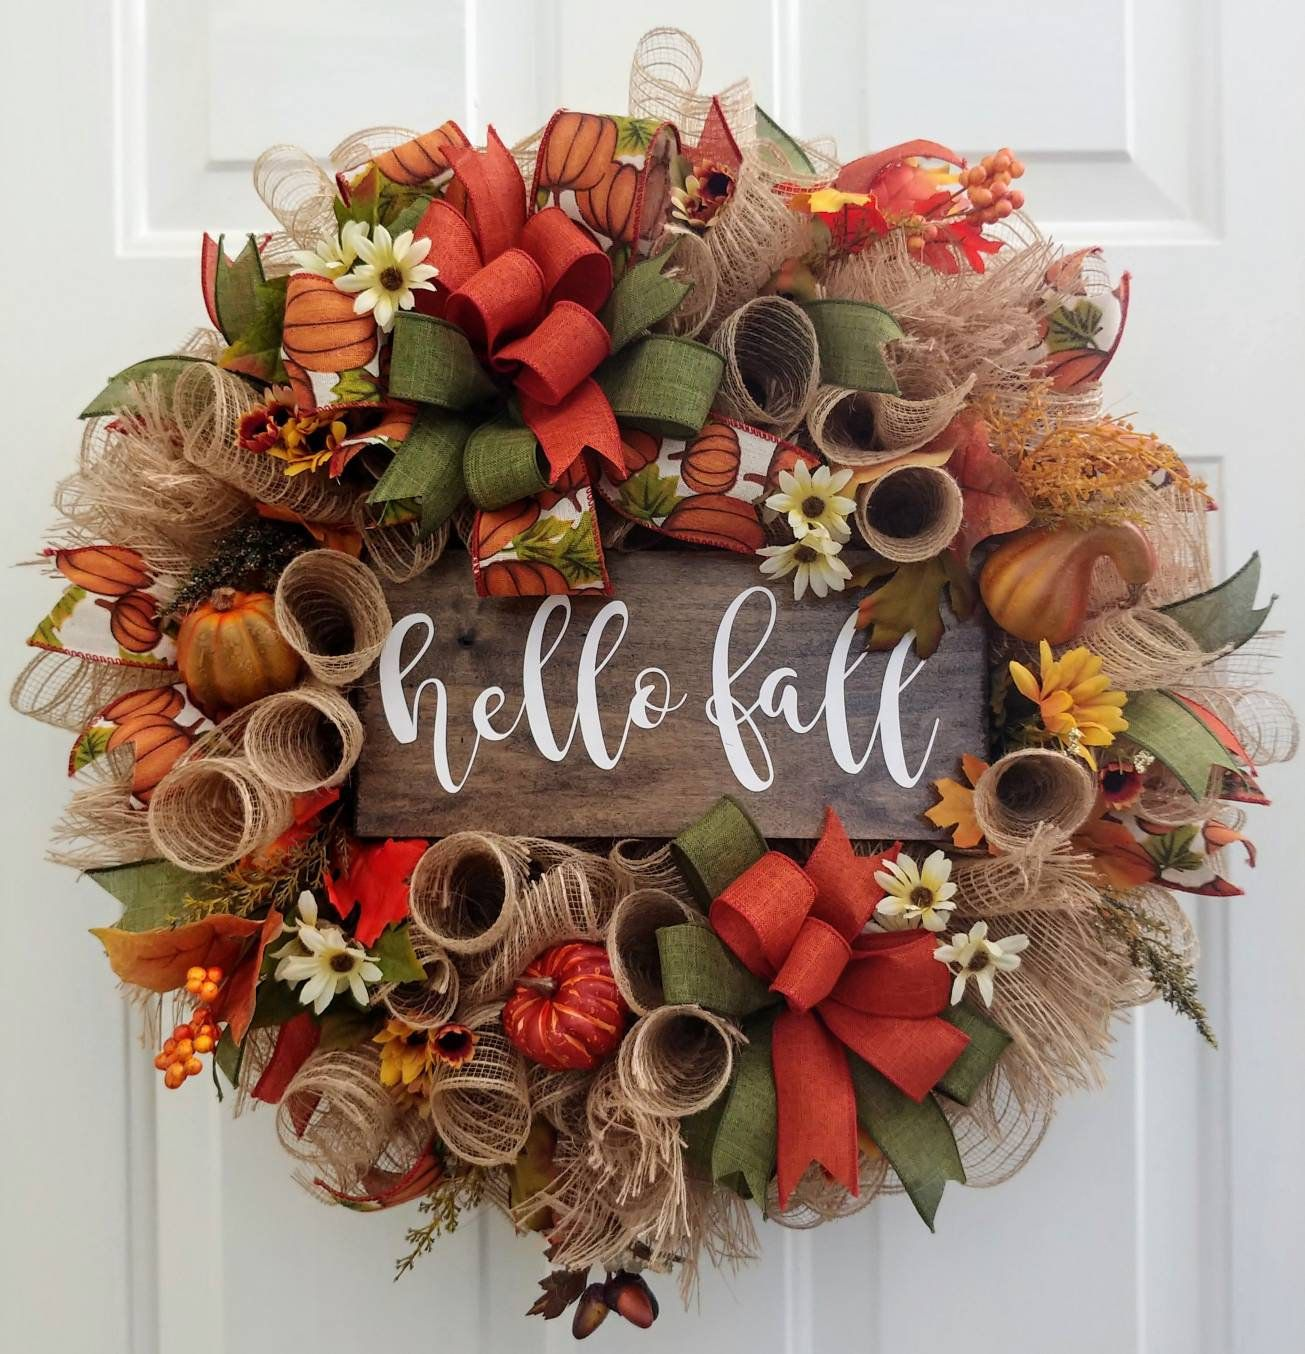 Fall wreath, hello fall wreath, burlap fall wreath, fall floral wreath, fall door wreath, Thanksgiving wreath, Autumn wreath #hellofall
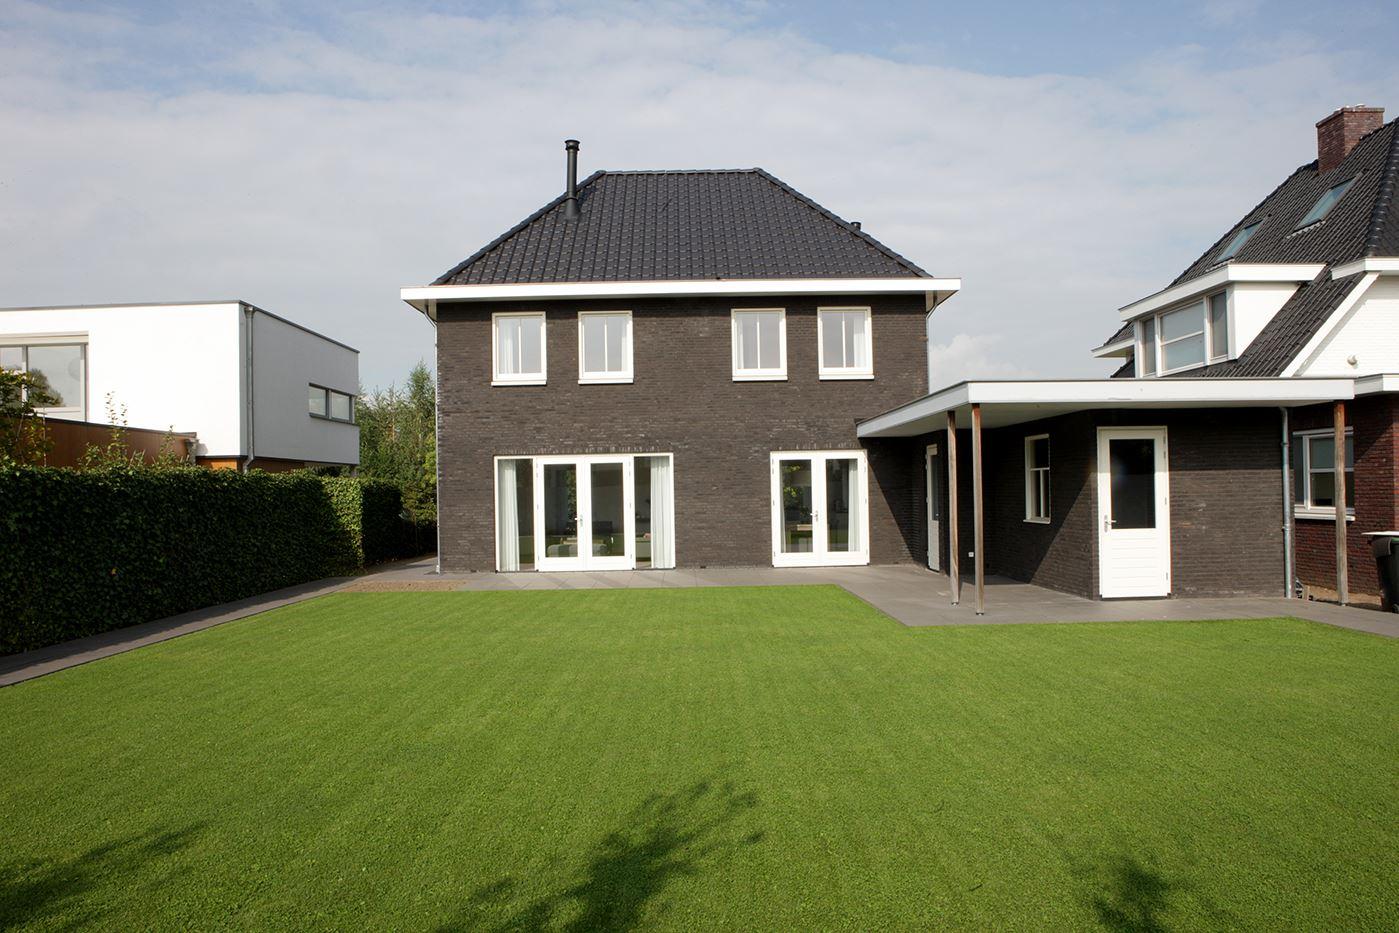 Huis te koop havik 9 7132 dt lichtenvoorde funda - Foto moderne inbouwkeuken ...
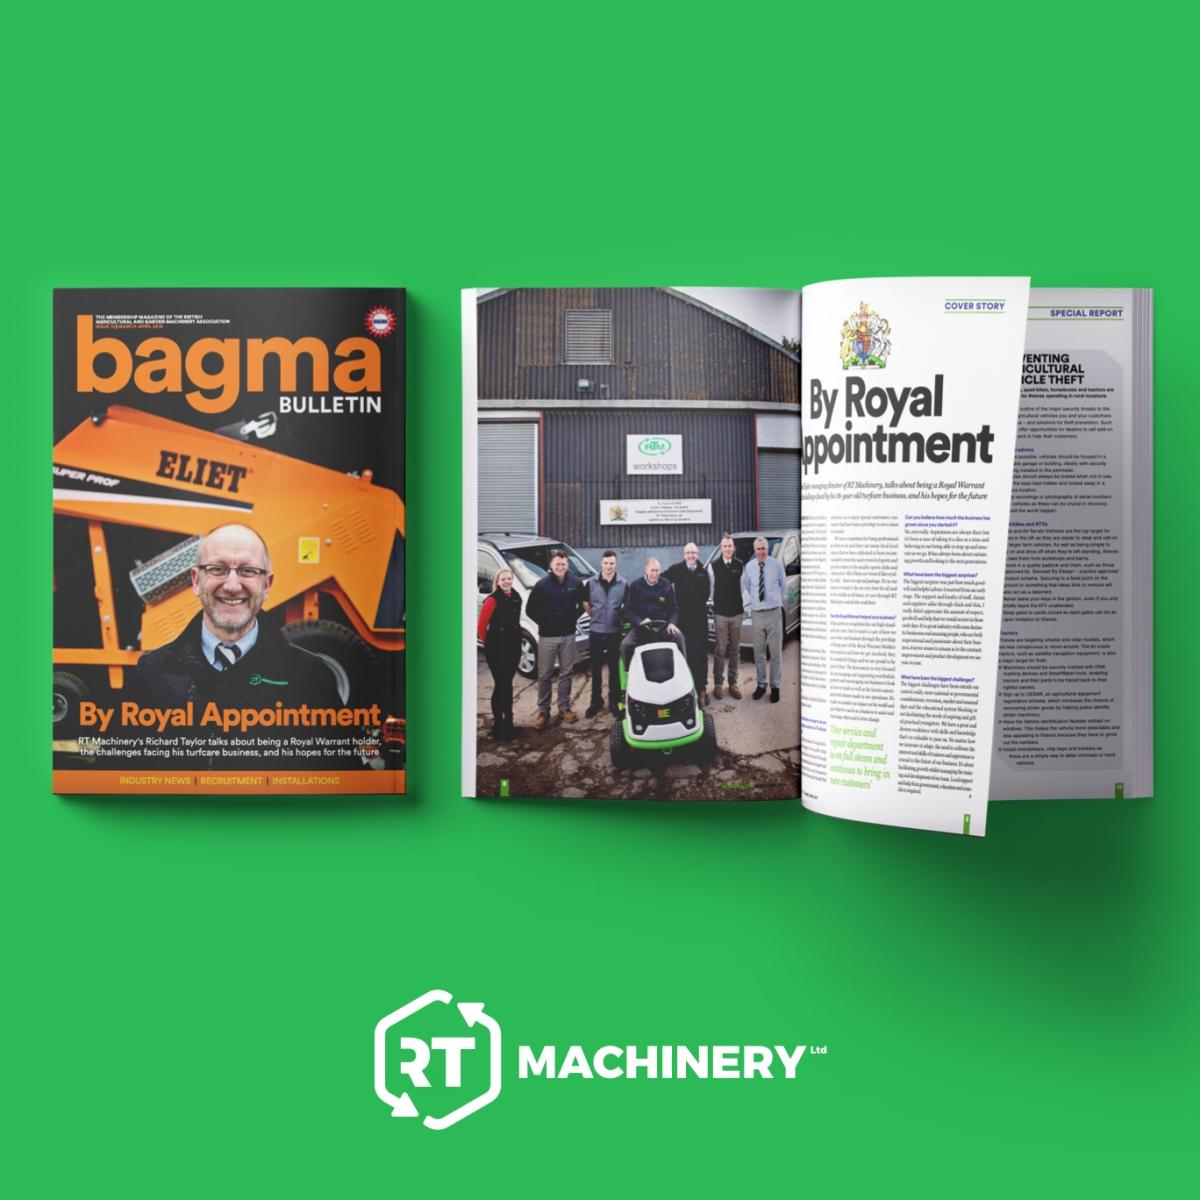 BAGMA Bulletin Preview
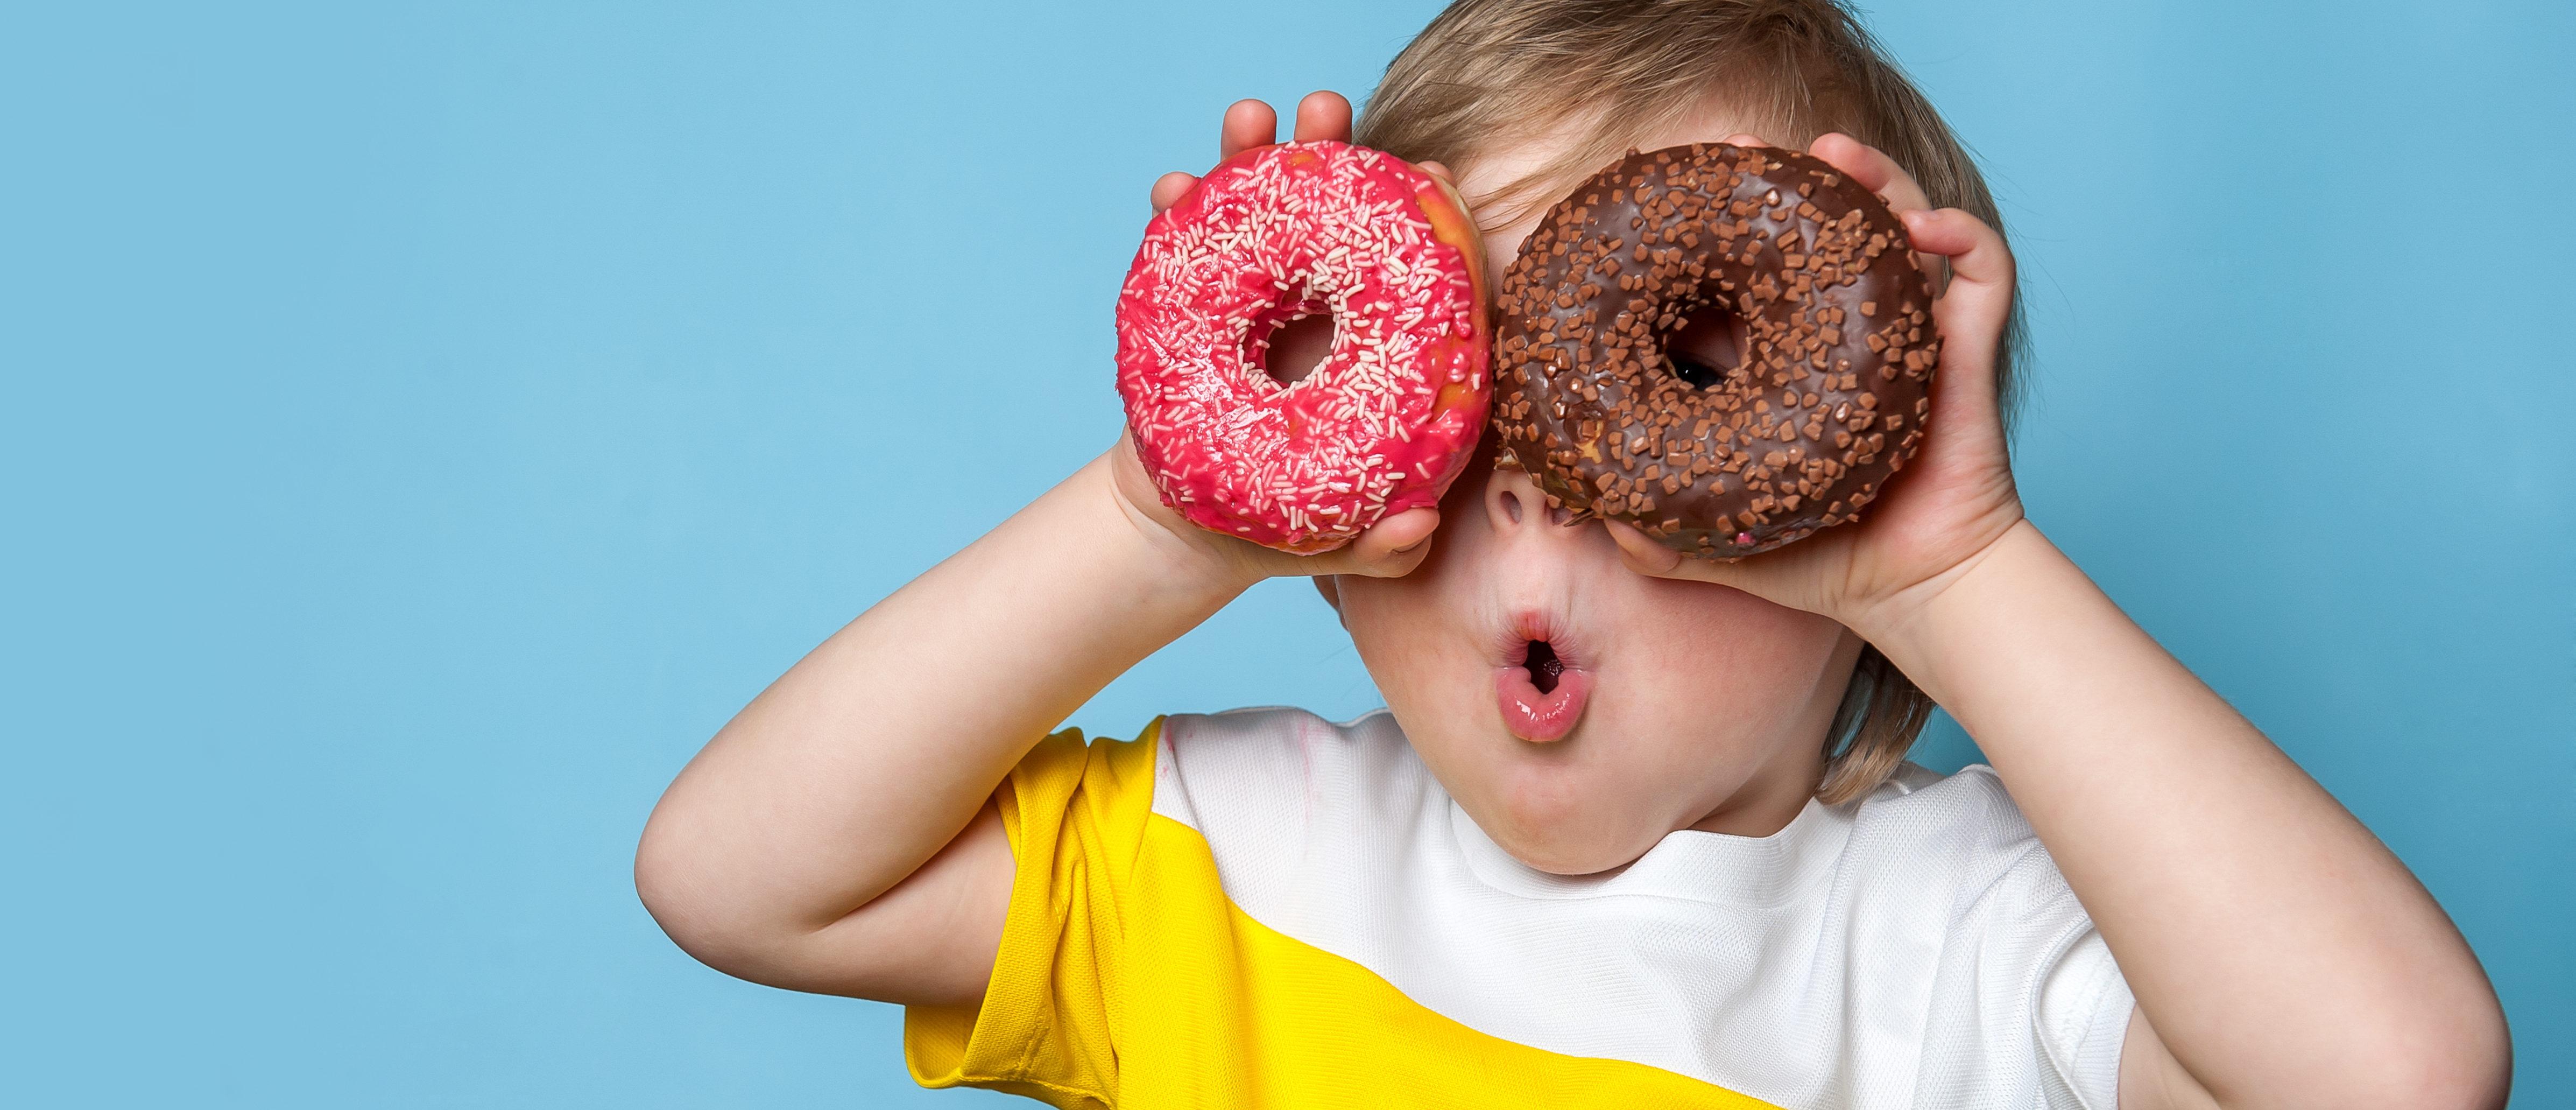 Kid holding donuts (Shutterstock/Sharomka)

◇ ◇ ◇

Exercise prompt:
Restate word for word only the lines that run from the line holding "BAGMA Bulletin Preview" to the end of the data, both ends kept, leaving every picture out.

Exercise output:
 BAGMA Bulletin Preview
 Kid holding donuts (Shutterstock/Sharomka)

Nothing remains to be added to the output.